I have a new big log file, this time with about 70 million lines. I'm running it on my newly-updated Mac, whose "time" command has slightly different output.
Let's start with this:
time grep 'asdf' cetasfit05.txt
... 39.388 total
time grep.pl 'asdf' cetasfit05.txt
... 21.388 total
About twice as fast.
Now let's change the pattern:
time grep 'XBT|XBM' cetasfit05.txt
... 24.787 total
time grep.pl 'XBT|XBM' cetasfit05.txt
... 18.940 total
Still faster, but nowhere near twice as fast. I don't know why
Now let's add an anchor:
time grep '^XBT|^XBM' cetasfit05.txt
... 25.580 total
time grep.pl '^XBT|^XBM' cetasfit05.txt
... 3:08.25 total
WHOA! Perl, what happened????? 3 MINUTES???

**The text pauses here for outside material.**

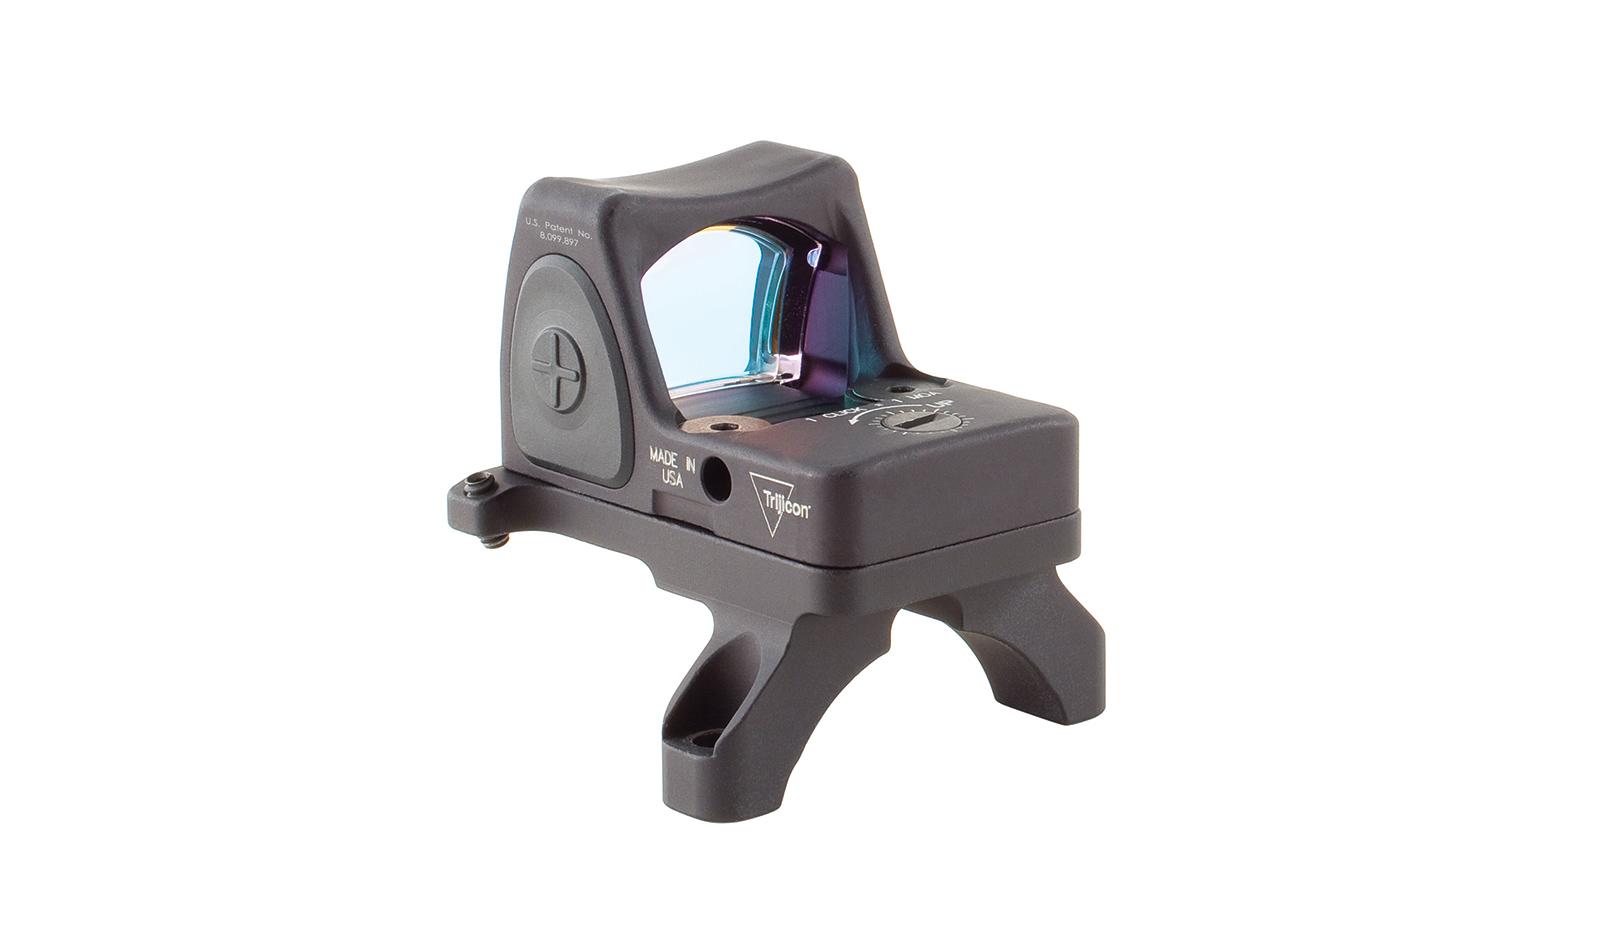 RM06-C-700676 angle 2
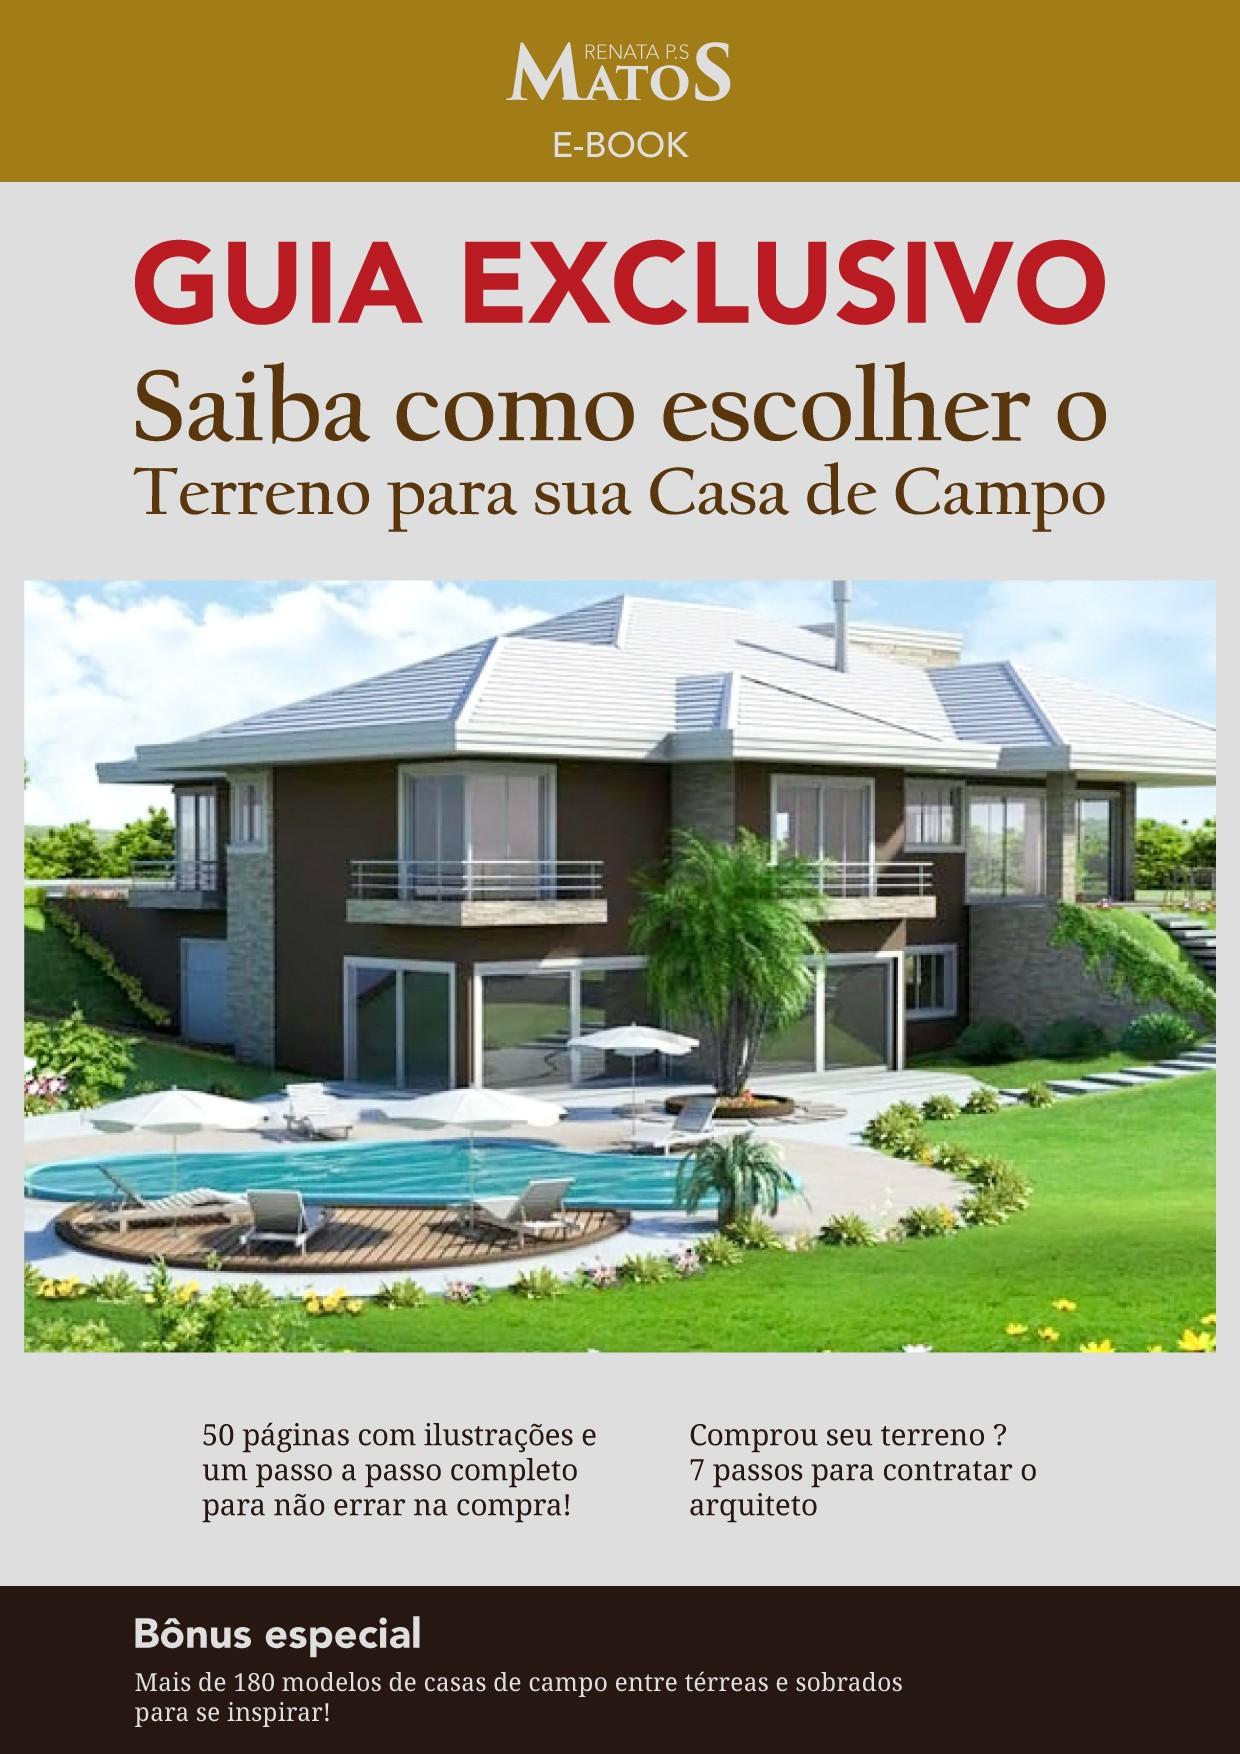 Capa e-book-01

My only explanation is that Perl tries to implement a very general regular expression algorithm, and grep implements a subset, and that might cause Perl to be slow in some circumstances. For example, maybe the use of alternation with anchors introduces the need for "backtracking" under some circumstances, and maybe grep doesn't support backtracking. In this simple example, backtracking is probably not necessary, but to be general, Perl might do it "just in case". (Note: I'm not a regular expression expert, and don't really know when "backtracking" is needed; I'm speculating without bothering to learn about it.)
Anyway, let's make a small adjustment:
time grep.pl '^(XBT|XBM)' cetasfit05.txt
... 17.910 total
There, that got back to "normal".
I guess multiple anchors in a pattern is a bad idea.
P.S. - even though this post is about Perl, I tried one more test with grep:
time grep 'ASDF' cetasfit05.txt
... 26.132 total
Whaaa...? I tried multiple times, and lower-case 'asdf' always takes about 40 seconds, and upper-case 'ASDF' always takes about 27 seconds. I DON'T UNDERSTAND COMPUTERS!!! (sob)